54 ÉTATS : L’accord sur le nucléaire iranien a finalement abouti : est-ce que cela tient uniquement à la personnalité des présidents américain et iranien prompts à l’ouverture ? À un assouplissement de la politique intérieure iranienne ? À un changement de contexte régional et international ? À une question d’opportunisme économique ? En résumé, pourquoi cet accord est-il intervenu à ce moment précis ? Barah Mikaïl (B. M.) : On ne sait pas encore quels sont les véritables facteurs qui ont permis aux négociations sur le nucléaire iranien d’aboutir en l’état actuel des choses. Néanmoins, certains éléments peuvent d’ores et déjà être soulignés. D’un côté, la nature des changements intervenus aux États-Unis et en Iran ces dernières années, avec la fin des ères Bush et Ahmadinejad et l’arrivée de Barack Obama et de Hassan Rouhani à la présidence, a tranché avec le radicalisme et le ton belliqueux qui prévalaient auparavant.
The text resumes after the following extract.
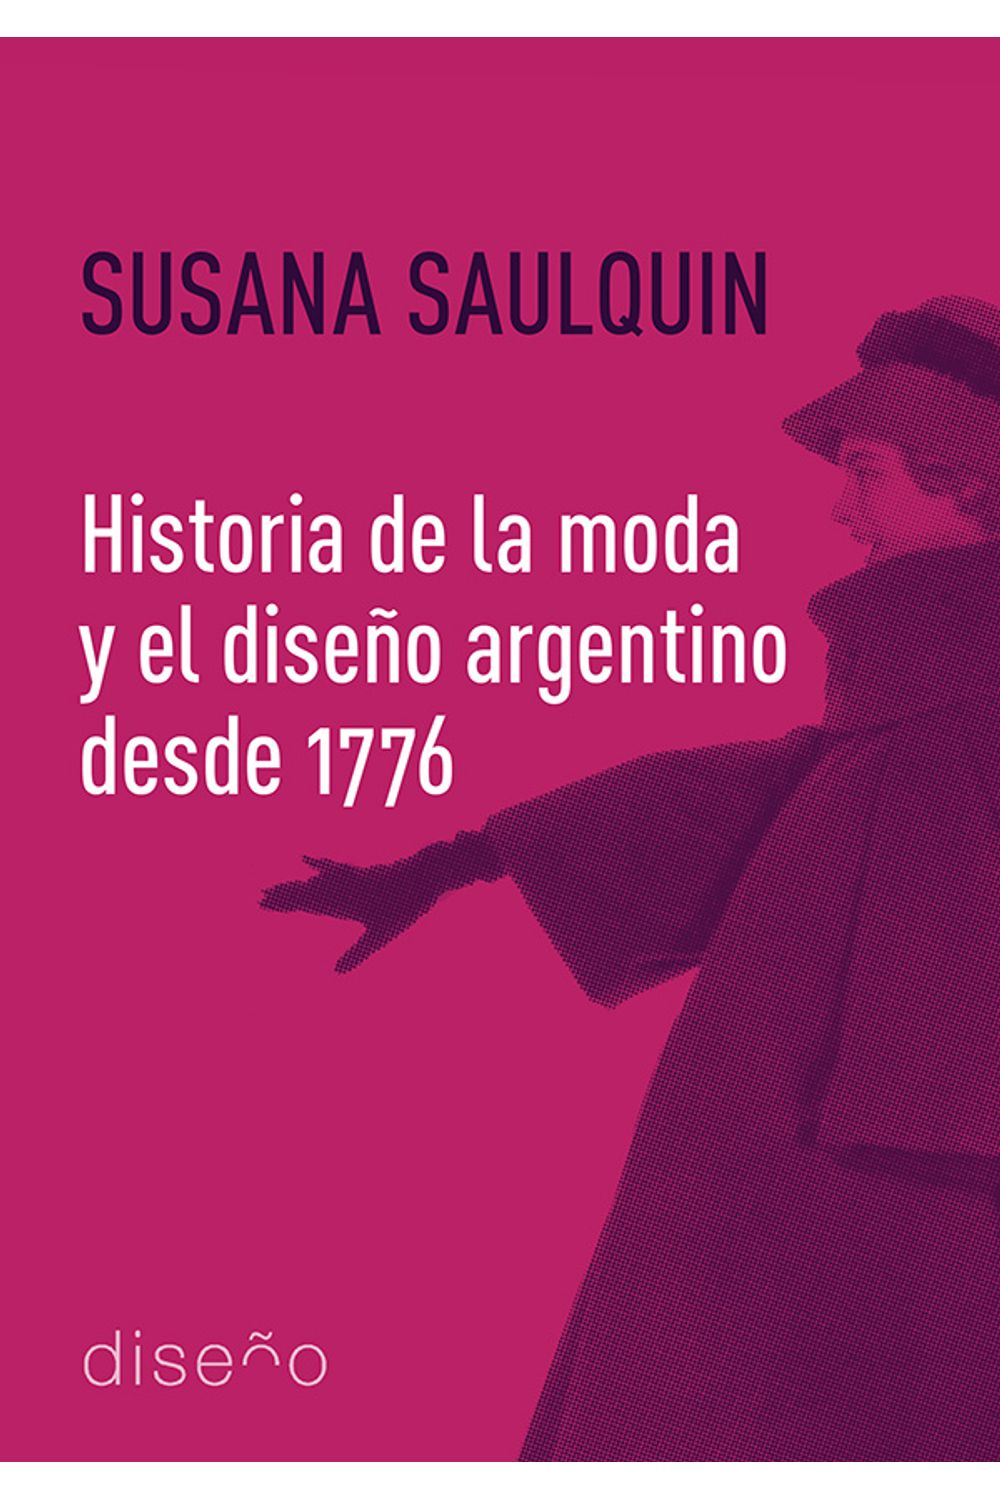 bm-historia-de-la-moda-y-el-diseno-argentino-desde-1776-nobukodiseno-editorial-9781643602462

De même, la personnalité des négociateurs, surtout côté iranien avec l’exemple du ministre des Affaires étrangères Javad Zarif, a sûrement permis l’instauration d’un meilleur climat de confiance. Enfin, n’oublions pas que l’Iran a accepté des termes sur les conditions de développement de son programme nucléaire qui sont de nature à rassurer ses interlocuteurs. Dans la globalité, les États-Unis voulaient parvenir à un accord avec les Iraniens, des années de tensions et d’animosité n’ayant réglé en rien leur contentieux. Sur le fond, il fallait cependant que cette bonne volonté soit suivie d’un assouplissement côté iranien. Cette conjonction a rendu possible la situation que nous vivons maintenant.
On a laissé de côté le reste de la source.